> **Activity**
Only an exact repeat of the listing, without its images, counts as the answer.

> **Material provided**
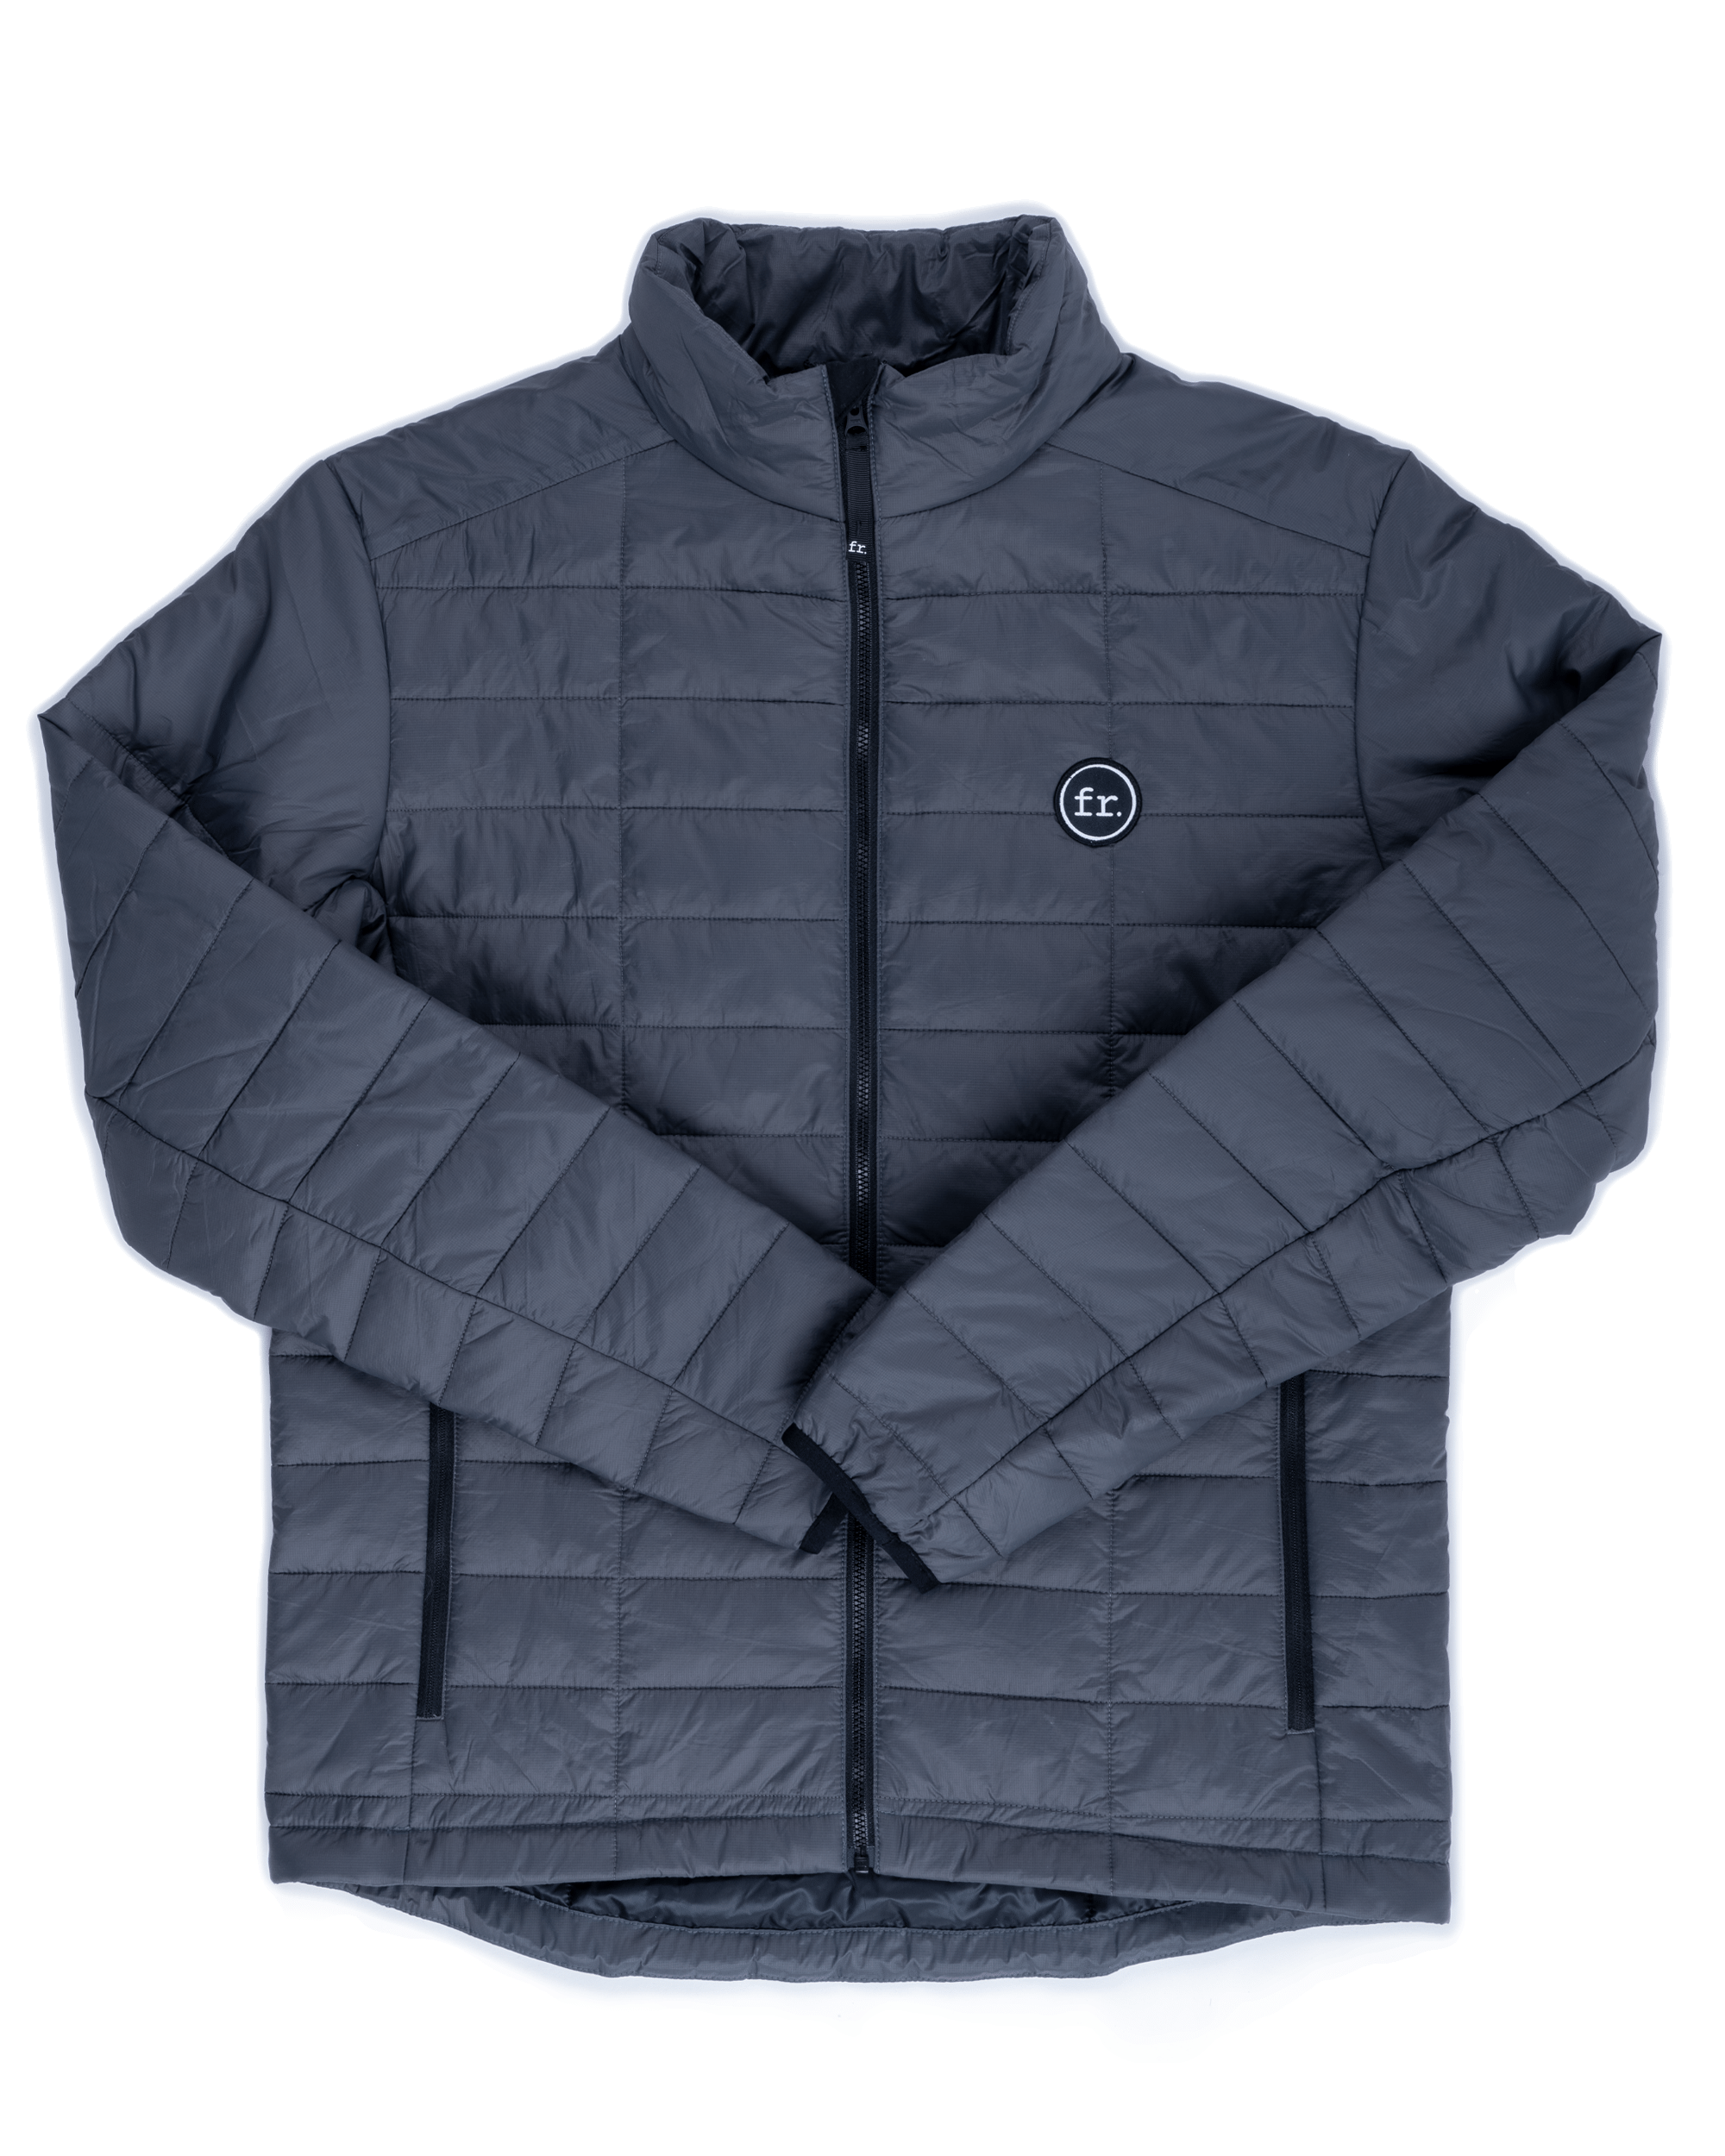 Outerwear | Foreign Rider Co.
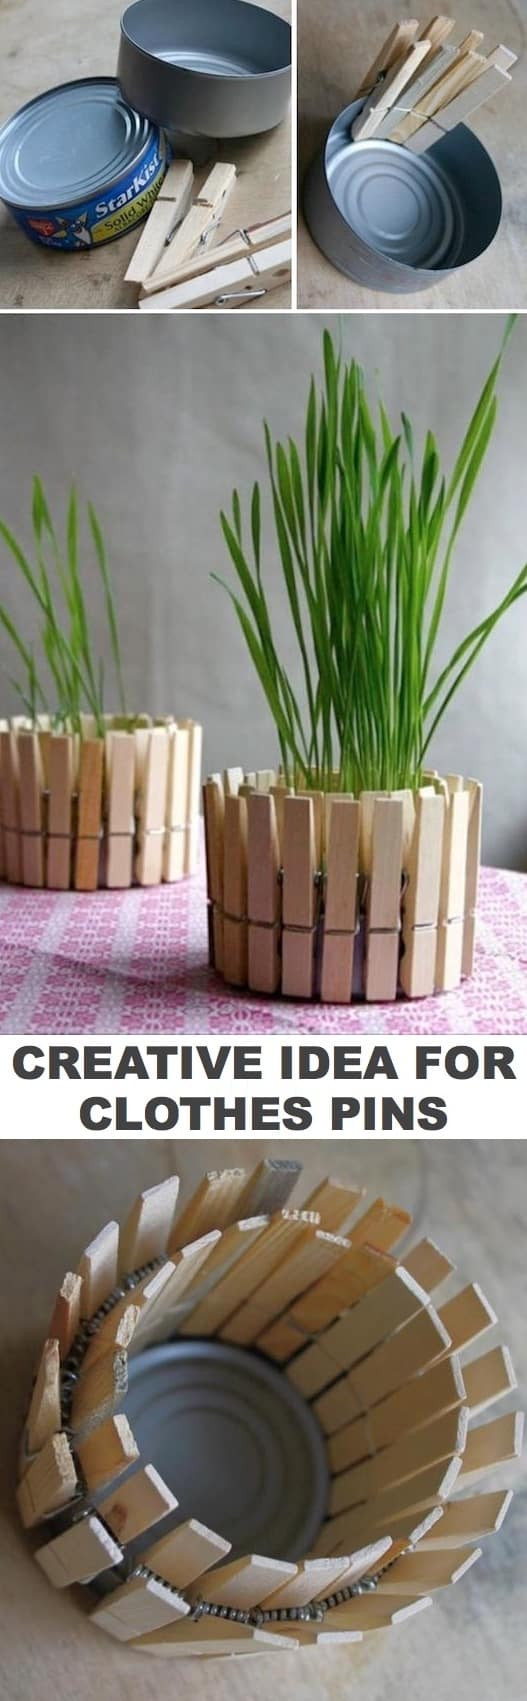 Activity Ideas For Adults
 Easy DIY Craft Ideas That Will Spark Your Creativity for

> **Finished exercise**
 Outerwear | Foreign Rider Co.
 Activity Ideas For Adults
 Easy DIY Craft Ideas That Will Spark Your Creativity for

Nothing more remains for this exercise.